• [AIM OF THE TASK]: Retype all data exactly as given. Pictures should not be retyped.

• [GIVEN INFORMATION]:
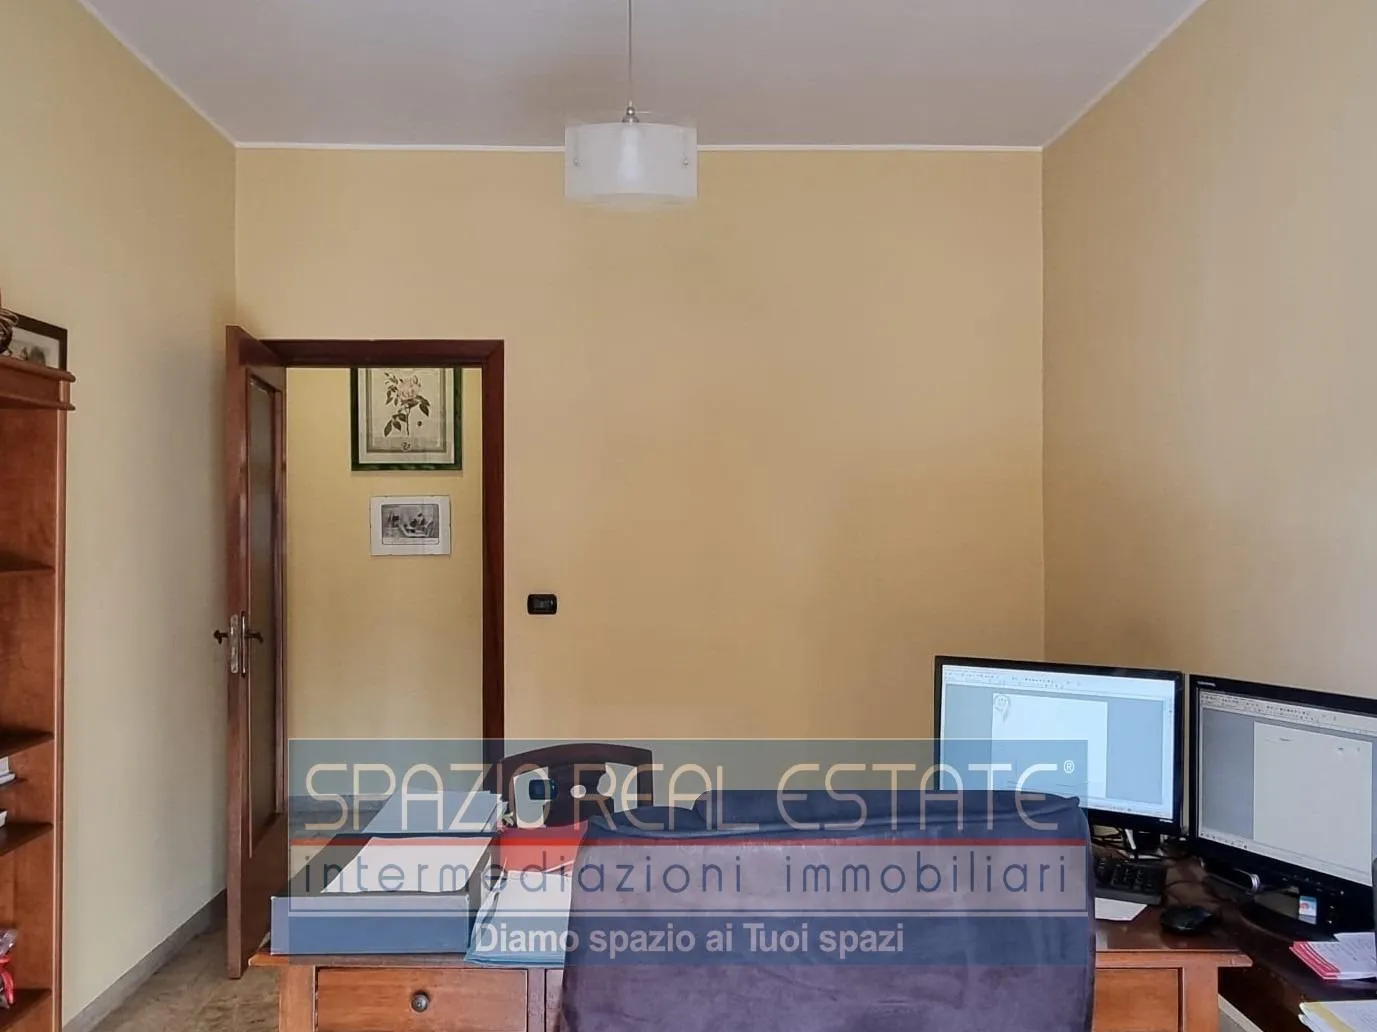 Immagine per Ufficio in vendita a Pescara via Dei Marrucini 11
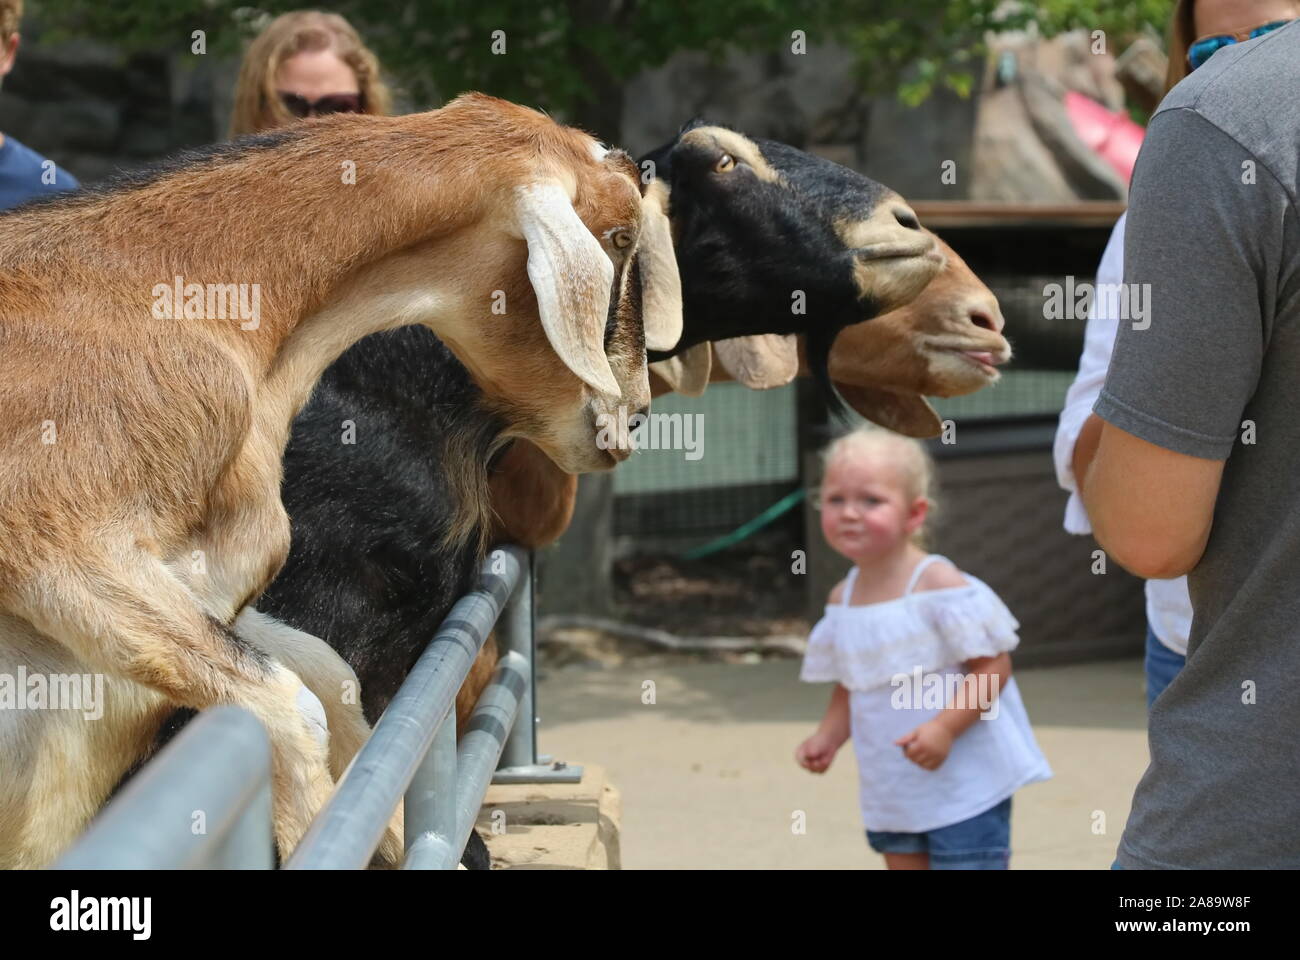 Madison, WI / USA - 5 août 2018 : Curieux petit caucasian girl à regarder les chèvres à un zoo peting penché au-dessus de la barrière Banque D'Images
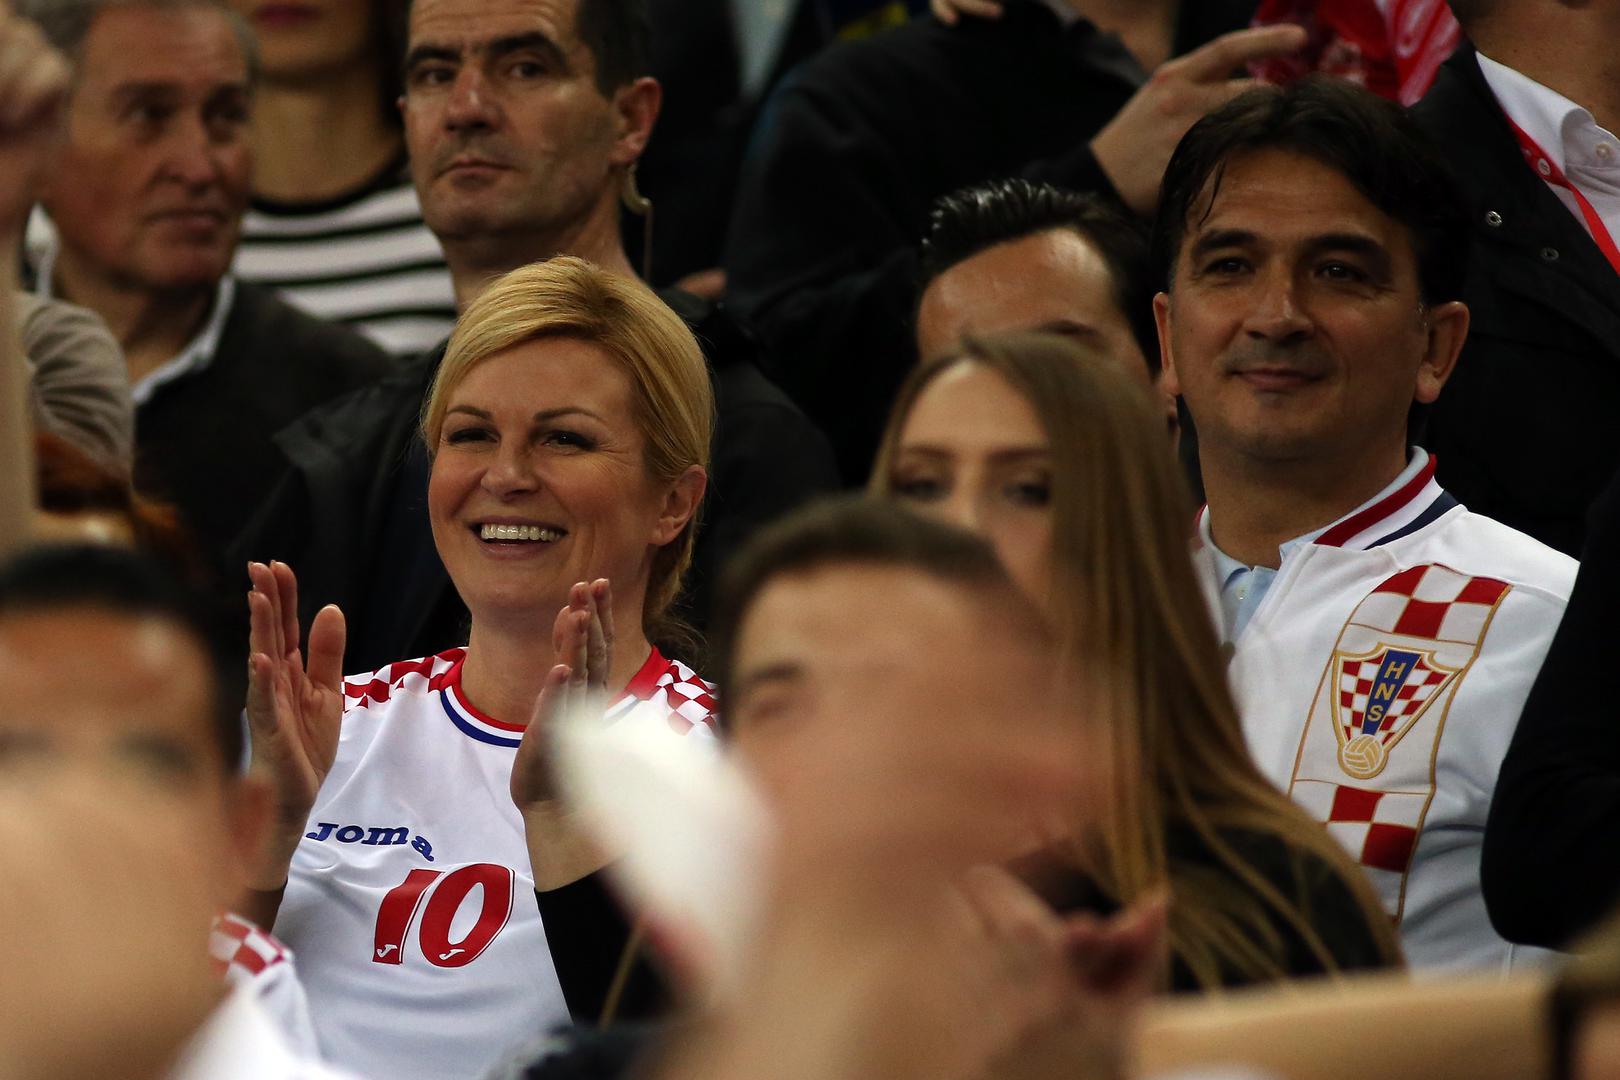 Predsjednica je susret gledala u dresu rukometne reprezentacije, a Dalić u dresu nogometne

• [TASK OUTPUT]:
 Immagine per Ufficio in vendita a Pescara via Dei Marrucini 11
 Madison, WI / USA - 5 août 2018 : Curieux petit caucasian girl à regarder les chèvres à un zoo peting penché au-dessus de la barrière Banque D'Images
 Predsjednica je susret gledala u dresu rukometne reprezentacije, a Dalić u dresu nogometne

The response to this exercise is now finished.